FGraDA: A Dataset and Benchmark for Fine-Grained Domain Adaptation in Machine Translation
Wenhao Zhu, Shujian Huang, Tong Pu, Pingxuan Huang, Xu Zhang, Jian Yu,, Wei Chen, Yanfeng Wang, Jiajun Chen

TL;DR
This paper introduces FGraDA, a dataset and benchmark for fine-grained domain adaptation in machine translation, focusing on sub-domains with limited resources and no in-domain training data, highlighting ongoing challenges.
Contribution
The paper presents a new dataset and benchmark for fine-grained domain adaptation in MT, emphasizing resource scarcity and heterogeneity in real-world scenarios.
Findings
Significant performance gaps remain in fine-grained domain adaptation.
Heterogeneous resources pose challenges for current MT models.

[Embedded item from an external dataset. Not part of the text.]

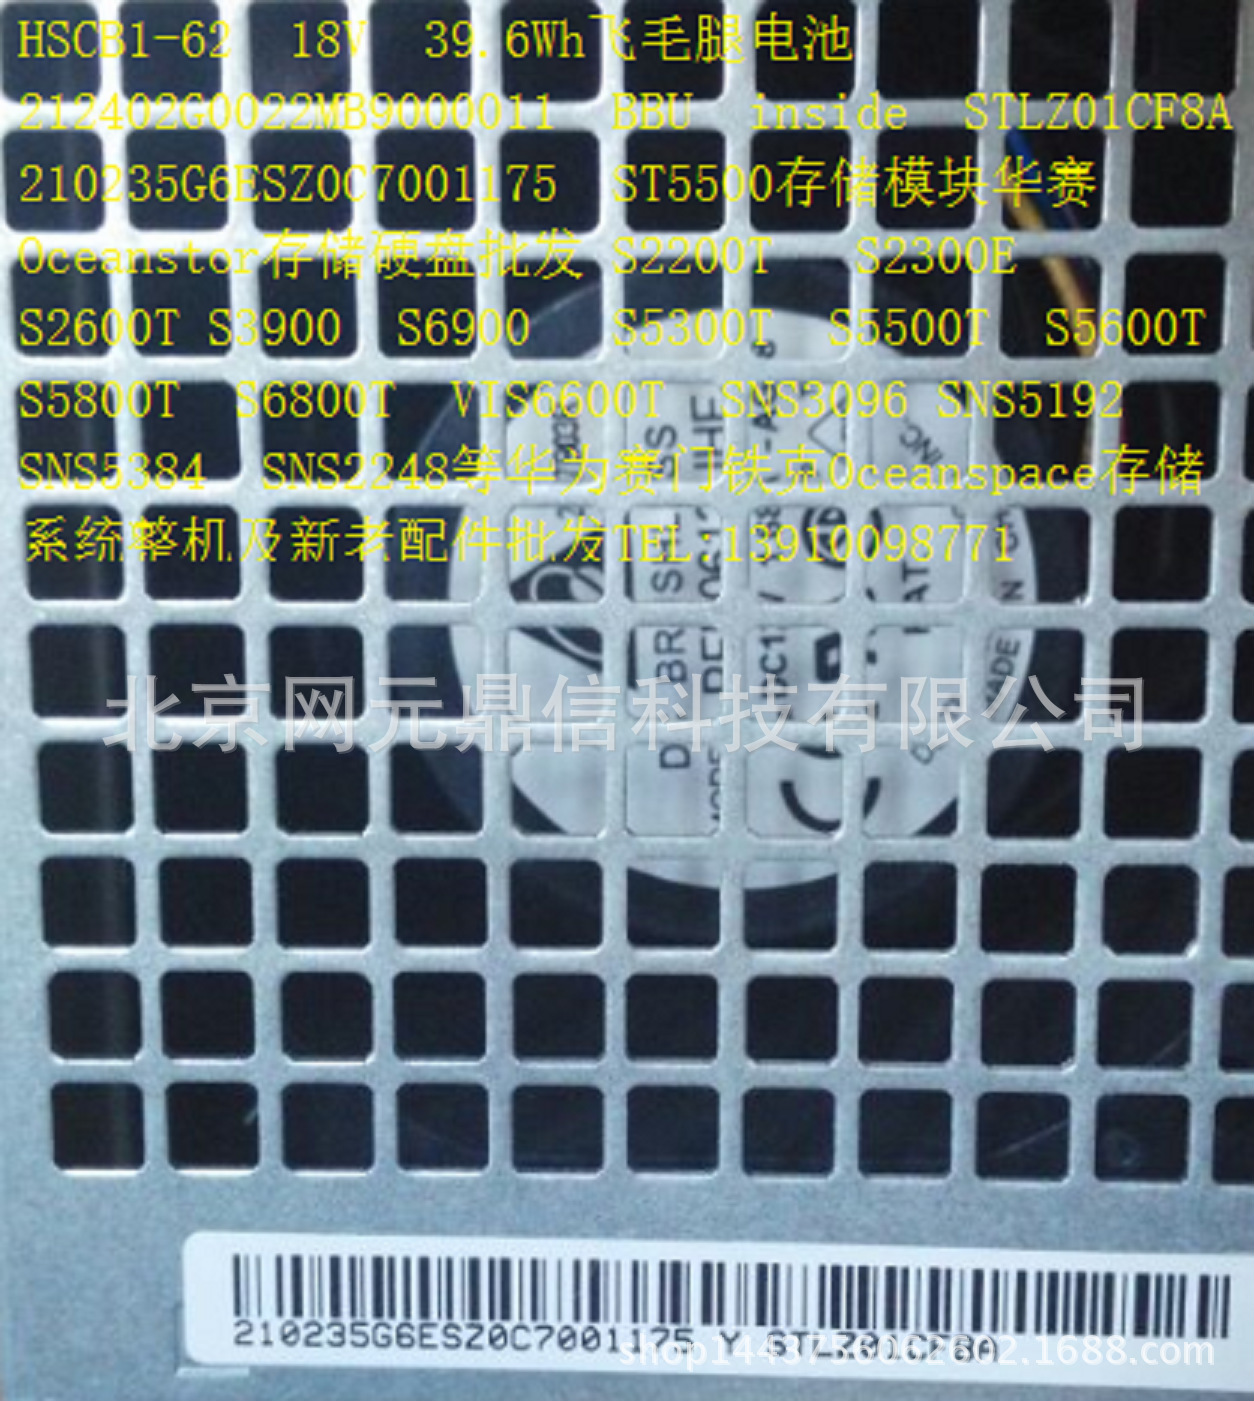 STLZ01CF8A S5500T磁盘模块

The dataset enables targeted evaluation of domain-specific translation issues.
Abstract
Previous research for adapting a general neural machine translation (NMT) model into a specific domain usually neglects the diversity in translation within the same domain, which is a core problem for domain adaptation in real-world scenarios. One representative of such challenging scenarios is to deploy a translation system for a conference with a specific topic, e.g., global warming or coronavirus, where there are usually extremely less resources due to the limited schedule. To motivate wider investigation in such a scenario, we present a real-world fine-grained domain adaptation task in machine translation (FGraDA). The FGraDA dataset consists of Chinese-English translation task for four sub-domains of information technology: autonomous vehicles, AI education, real-time networks, and smart phone. Each sub-domain is equipped with a development set and test set for evaluation purposes.…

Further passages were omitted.